Some of the hysterical women and children made it to the fields. Sarah Parker Nixon, the other of James’s married daughters, reached her father first, followed by James’s wife, Martha, and their four younger children. James shepherded them across the river; at first he planned to hide them there and set out for the fort, but they pleaded with him not to leave them. Luther Plummer went looking for the other farmers to organize a rescue mission, while Sarah’s husband Lorenzo started immediately for the fort.
The Indians commenced to plunder the stockade. They slashed open mattresses and scattered the feathers. They tore open James’s books and smashed his medicine bottles. Lucy Parker, Silas’s wife, tried to flee with her four small children. She ran into Lorenzo Nixon, but before he could lead her and the children to safety, Indians surrounded all of them and marched them back to the fort. The Indians forced Lucy to help load her two oldest children behind mounted warriors, and they were in the process of taking the younger two, Silas junior and Orlena, when David Faulkenberry, a lone farmer armed with a single-shot rifle, emerged from the woods and trained his weapon on the attackers.
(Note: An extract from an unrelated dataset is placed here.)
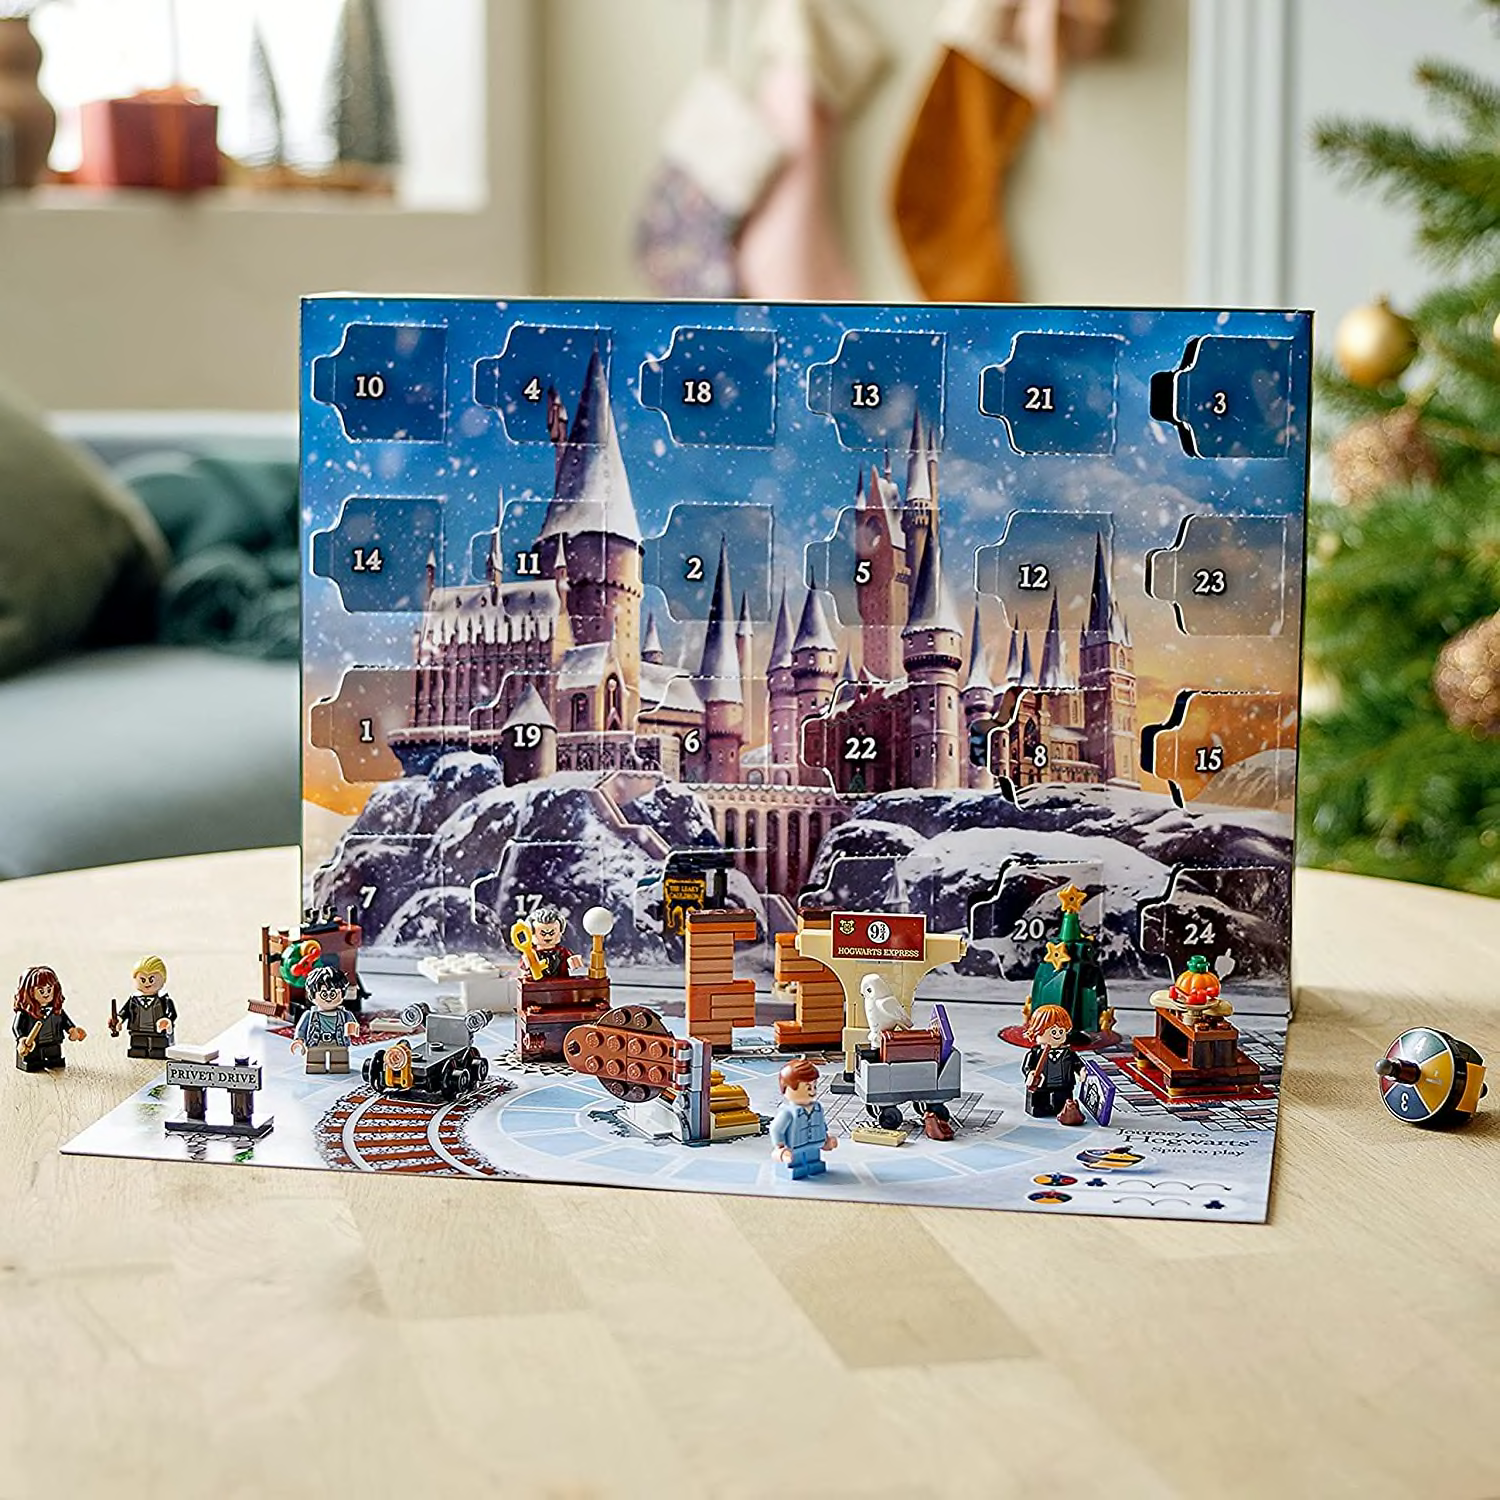 Enjoy LEGO s Marvel Star Wars and Harry Potter Advent calendars

Faulkenberry gathered Lucy, her two young ones, and Nixon behind him and forced the Indians to retreat. But no one could help the other captives.
Rachel Plummer, covered in blood and bruises, was dragged by her long red hair to the back of an Indian pony and forced to climb on. She saw the Indians shove her young aunt, Elizabeth Kellogg, onto another pony and watched as a warrior triumphantly waved a handful of bloody scalps; the only one she recognized was the long gray hair of her beloved grandfather, Elder John.
The raiders mounted up and rode away with a flourish, lancing any cattle they came across in a final gesture of vandalism and contempt. They had killed five people and taken five more captive without a single casualty of their own, and now they rode deep into the night, weaving their way through the heavy forested bottomlands with their prisoners: two young women—Rachel Plummer and Elizabeth Kellogg—Rachel’s toddler son, James Pratt, and her eight-year-old nephew, John. And on another mount, alone and terrified after watching her father, her uncle, and her grandfather all killed before her eyes, and held tight by her Indian captor, the late Silas Parker’s oldest child and the late Elder John Parker’s forty-ninth grandchild: nine-year-old Cynthia Ann.